Utah statehood also loosened the political grip of the Mormon church on its members and church leaders needed to look for other ways to keep the people of Zion together. The Word of Wisdom played – and still plays today - an important role in that process (King & King 1984).

During the 20th century, the interpretation of Word of Wisdom became increasingly narrow while at the same time becoming more strictly enforced (Alexander 1981). Under Joseph F. Smith (church president from 1901 till 1918) access to the temple was increasingly tied to adherence to the Word of Wisdom, although this was not yet held up as a uniform standard. The main emphasis was on alcohol, on which subject the church aligned itself with the broader social prohibition movement, just as it had aligned itself with the temperance movement when the Word of Wisdom was first conceived.

The emphasis on certain aspects of the Word of Wisdom often ran parallel to broader societal movements such as temperance and prohibition.

Under Heber J. Grant (church president from 1918 to 1945) adherence to the Word of Wisdom did become a formal requirement for a temple recommend. As prohibition had become law, the Mormon church leaders shifted their attention to tobacco use. President Grant strongly believed in strict enforcement and did not hesitate to use the church’s influence to sway political debates about alcohol and tobacco legislation.

On the one hand, then, the enforcement of the Word of Wisdom has undergone a number of changes under the influence of external factors. On the other hand, its content has never changed. The Word of Wisdom offers as few solutions to modern health problems as it did to those of the first Mormons.

In our time, the most common causes of mortality are cardio-vascular disease, strokes, diabetes and cancer. Factors which influence these diseases are obesity, lack of excercise, cholesterol, insufficient amounts of fruits and vegetables, and smoking. These are all behavioural factors of which the Word of Wisdom says nothing, except for smoking.

Upon closer inspection (see table above), the Word of Wisdom has contributed fairly little to the health of the Mormons in the past 175 years. This needn’t surprise anyone, though, since the Word of Wisdom essentially is a 19th-century view on nutrition and health. The Word of Wisdom’s only purpose in the 21st century appears to be social conditioning.

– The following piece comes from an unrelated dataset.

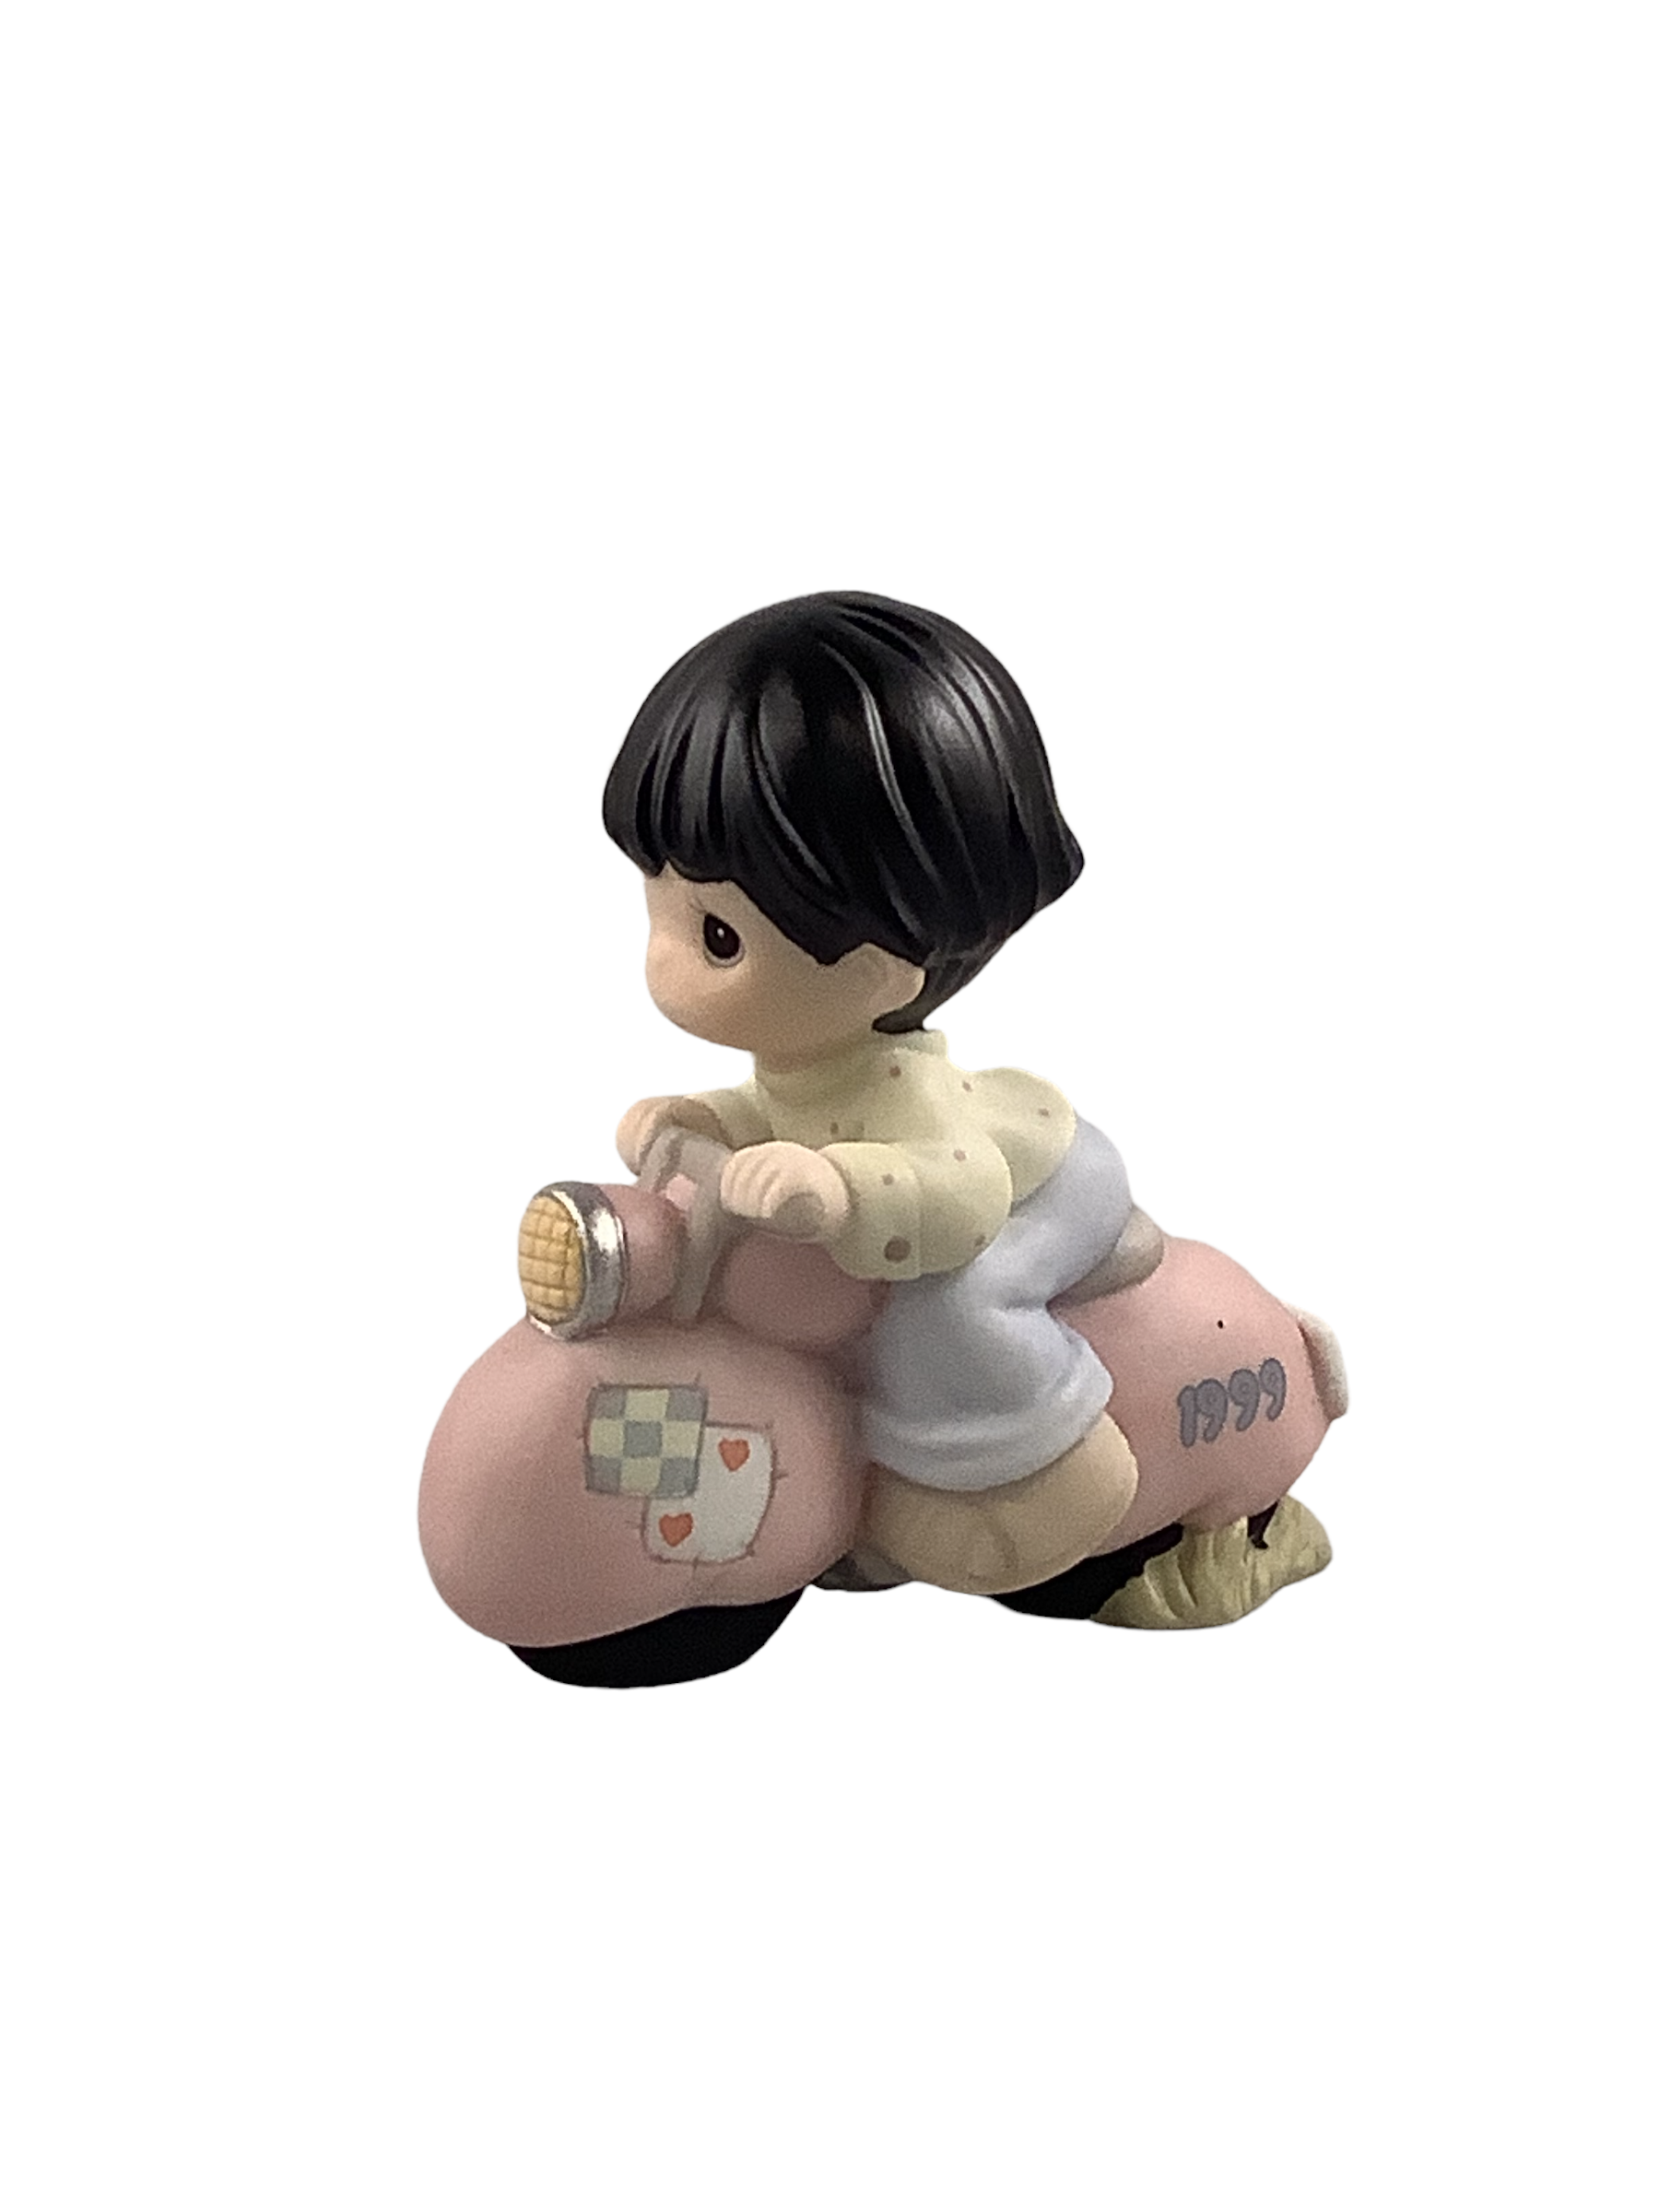 Scootin’ Your Way To A Perfect Day - Precious Moment Figurine

“The Word of Wisdom is significant in contemporary boundary establishment because in social interaction a common convention is to share a drink – an alcoholic beverage, coffee, or tea. Practicing Mormons are continually called upon to reaffirm their religious commitment in front of non-Mormons” (King & King 1984).

To that end, it doesn’t matter whether it is true or useful, as long as it is deviant and forces Mormons to stand out from their peers.